But have you heard of the green chickpea?
They are the raw, unprocessed version of the chickpea, picked early on.
And Waitrose reckons the green chickpea is part of the latest foodie trend – particularly over in America – and have used them in a salad as part of a new range.
The new addition is a green and white chickpea and bean salad, with a basil yogurt dressing.
The use of green chickpeas, which are also known as garbanzo beans in America, are a UK supermarket first, according to Waitrose.
The range also welcomes nut butter into its salad dressings – a trend Waitrose has seen a surge in recently, with a rise in the popularity of nut spreads, which is why the supermarket has included it in its vegan spiced rice, yellow split pea and pistachio salad, and cashew nut and cardamom butter.
But what about these green garbanzo beans?
Americans like their chickpeas. According to the Agricultural Marketing Resource Center, the average American ate 1.85lbs of chickpeas in 2017 – a 50% jump on the year before.
In the past 10 years, domestic demand for chickpeas in the US went from 47,000 tonnes to nearly 200,000. That’s a lot of beans.
Chickpea consumption has been boosted by growing demand for gluten-free products and a trend toward “more healthful and varied snacking,” the US Department of Agriculture said. Salads are a key part of this, but hummus, flour and flavoured snacks also play a role.
Over in the States, the green garbanzo beans are sold in Trader Joe’s and Costco, but they seem harder to come by in the UK.
Chef Jill Davie, who works at LA restaurant Josie and has been a prominent guest chef on several Food Network shows, has created a number of recipes for the green garbanzo bean. These include guacamole, green chickpea and tomato bruschetta, grilled octopus and spicy chickpeas with coriander, as well as green garbanzo stews and burger patties.
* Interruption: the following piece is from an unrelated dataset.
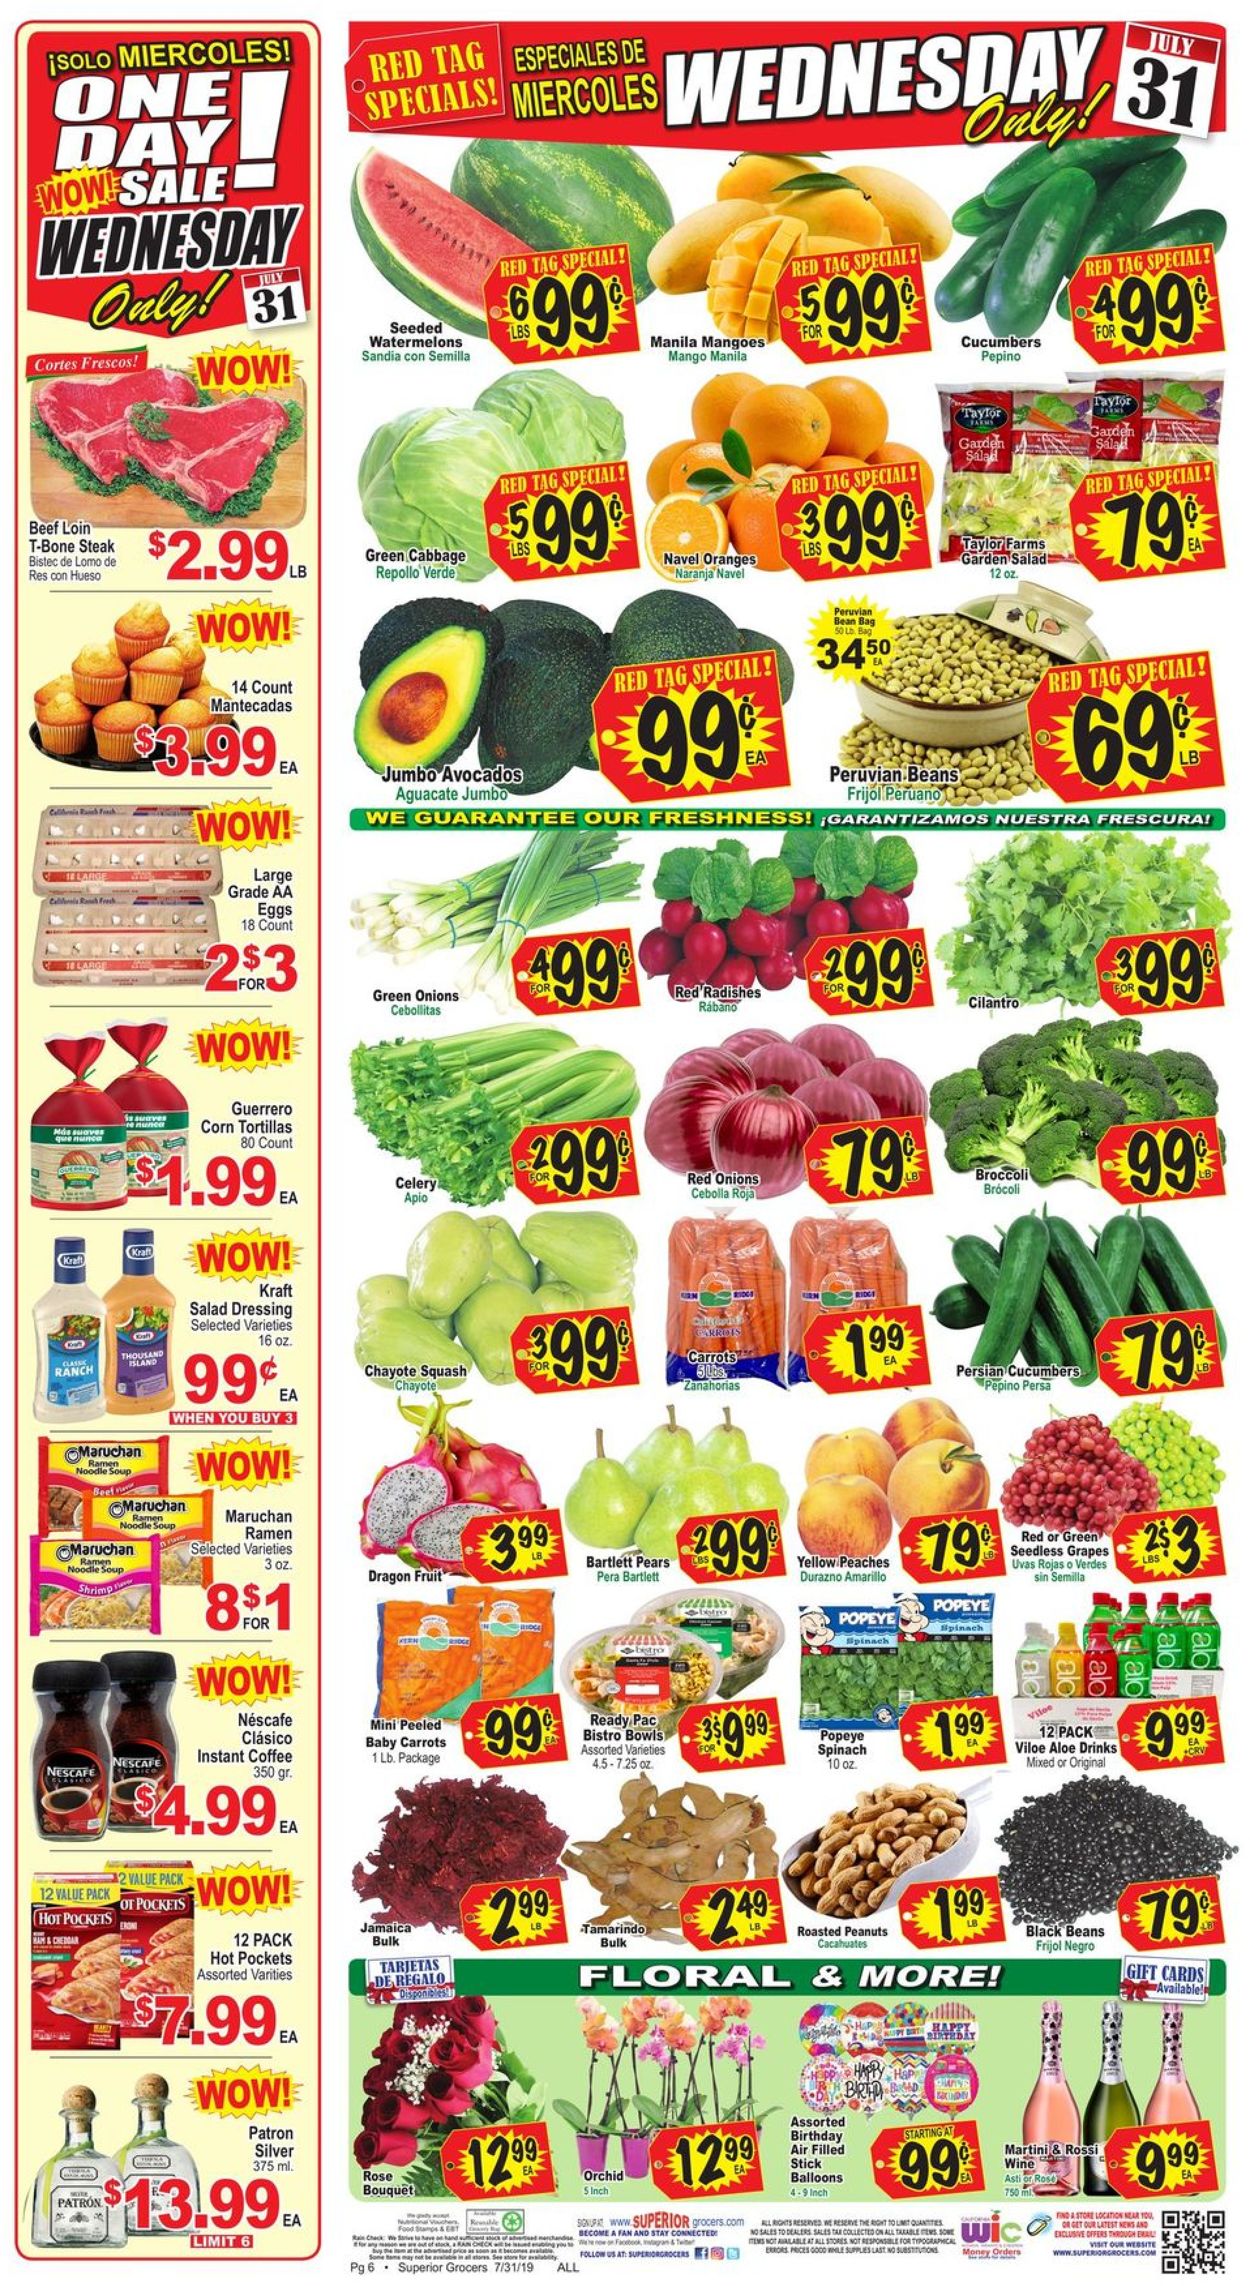 Catalogue Superior Grocers from 07/31/2019

The beans can also be used to create a pesto, tossed into rice pilaf, pureed for soups and canapes, as well as used in sauces.
So are more greens good for the health?
It’s claimed that the beans have higher nutritional values than the white variety with more protein, folate and fibre. The green chickpeas have a similar flavour to fresh peas and are more nutty or buttery compared to the dried variety – particularly as the natural sugars haven’t turned to starch.
It seems the green chickpea is not just an American thing either.
In Mexico, they’re eaten raw or steamed still in the pod, like edamame, and served with lime, chili and salt. In India, the fresh chickpeas are simmered in curry dishes such as chana masala.
Will Sparkie soon be grazing on some green chickpeas?
Having a look around, green chickpeas seem to be a novelty really.
They do offer some interesting health statistics but are supposedly fairly bland and boring on their own as they don’t have the concentration of flavour that the processing brings to the regular version.
The lower shelf life, difficulty in procurement and difficulty in processing likely add up to it not being a worthwhile investment for most retailers.
The higher end like Waitrose do like novelty vegetables that they can sell at a premium, so they might do well in that environment with some creative products to improve on the flavour.